Problem ::
Please transcribe the data below exactly. Leave the pictures out.

Data provided ::

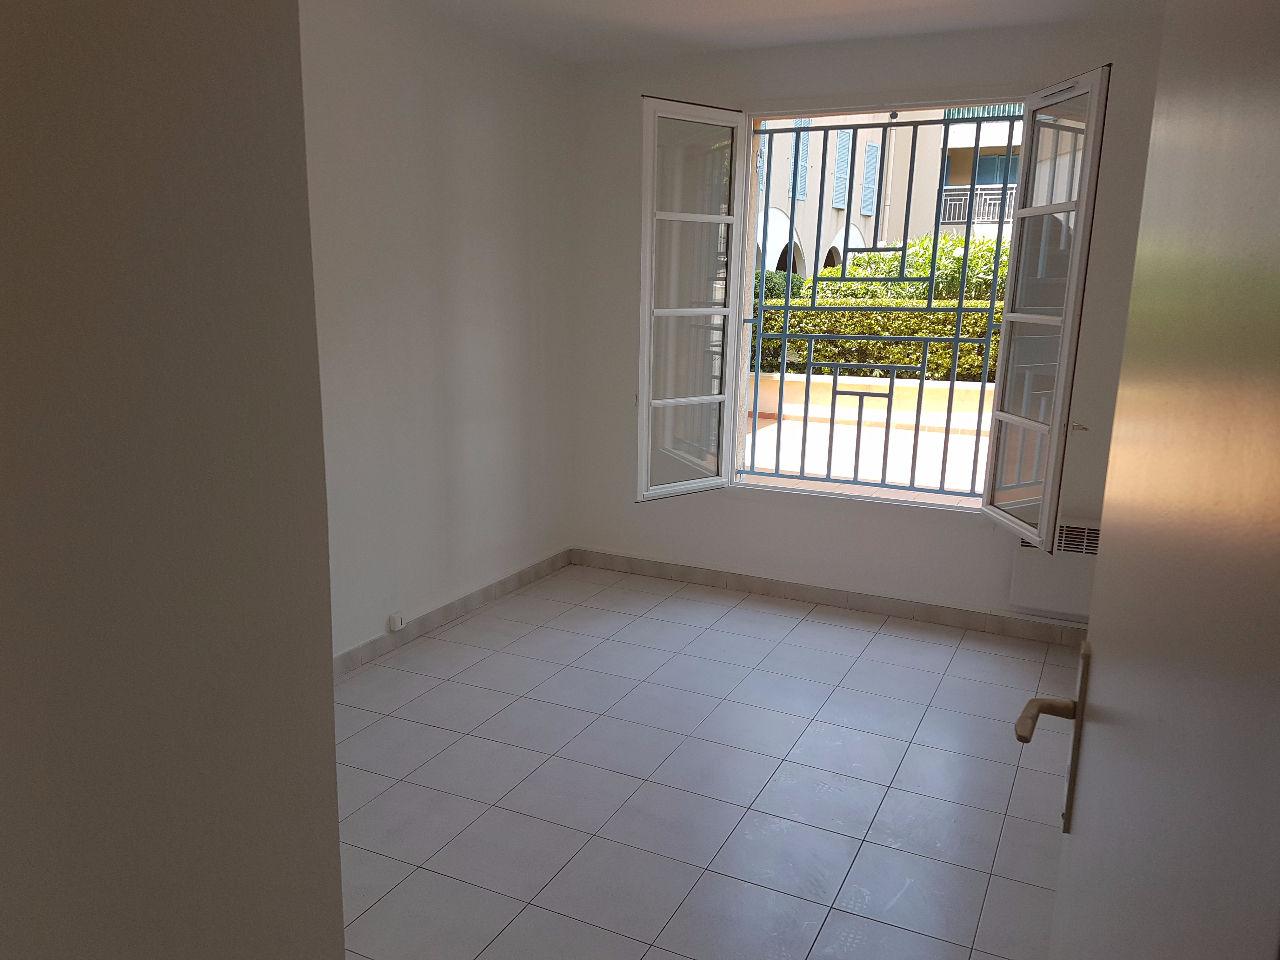 immobilier allauch a vendre vente acheter ach appartement allauch 13190. Black Bedroom Furniture Sets. Home Design Ideas
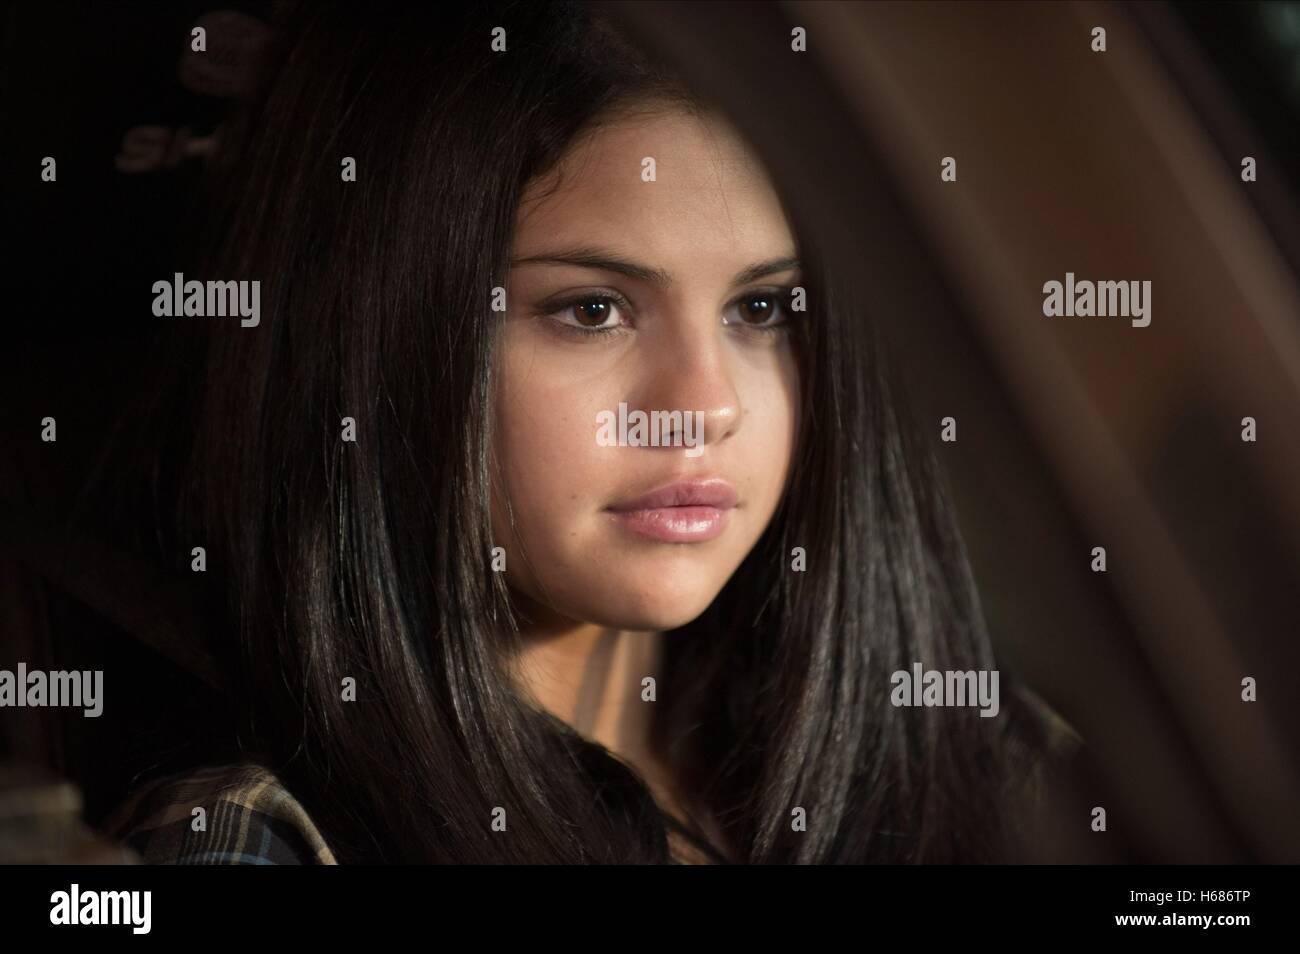 SELENA GOMEZ GETAWAY (2013) - Stock Image
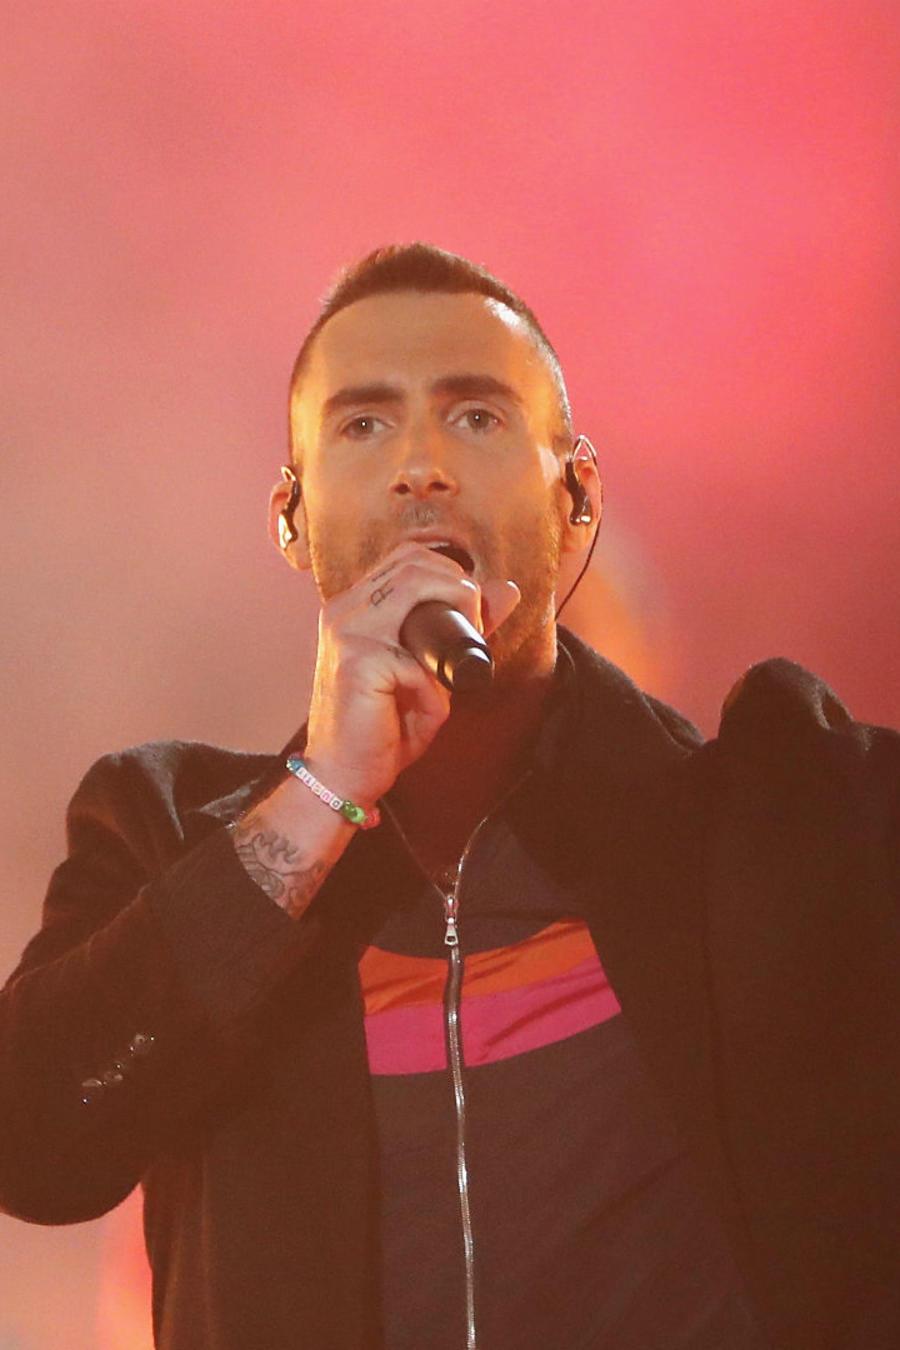 Maroon 5, Guns N' Roses, Dj Khaled to Perform at Pre-Super Bowl Shows

Response ::
 immobilier allauch a vendre vente acheter ach appartement allauch 13190. Black Bedroom Furniture Sets. Home Design Ideas
 SELENA GOMEZ GETAWAY (2013) - Stock Image
 Maroon 5, Guns N' Roses, Dj Khaled to Perform at Pre-Super Bowl Shows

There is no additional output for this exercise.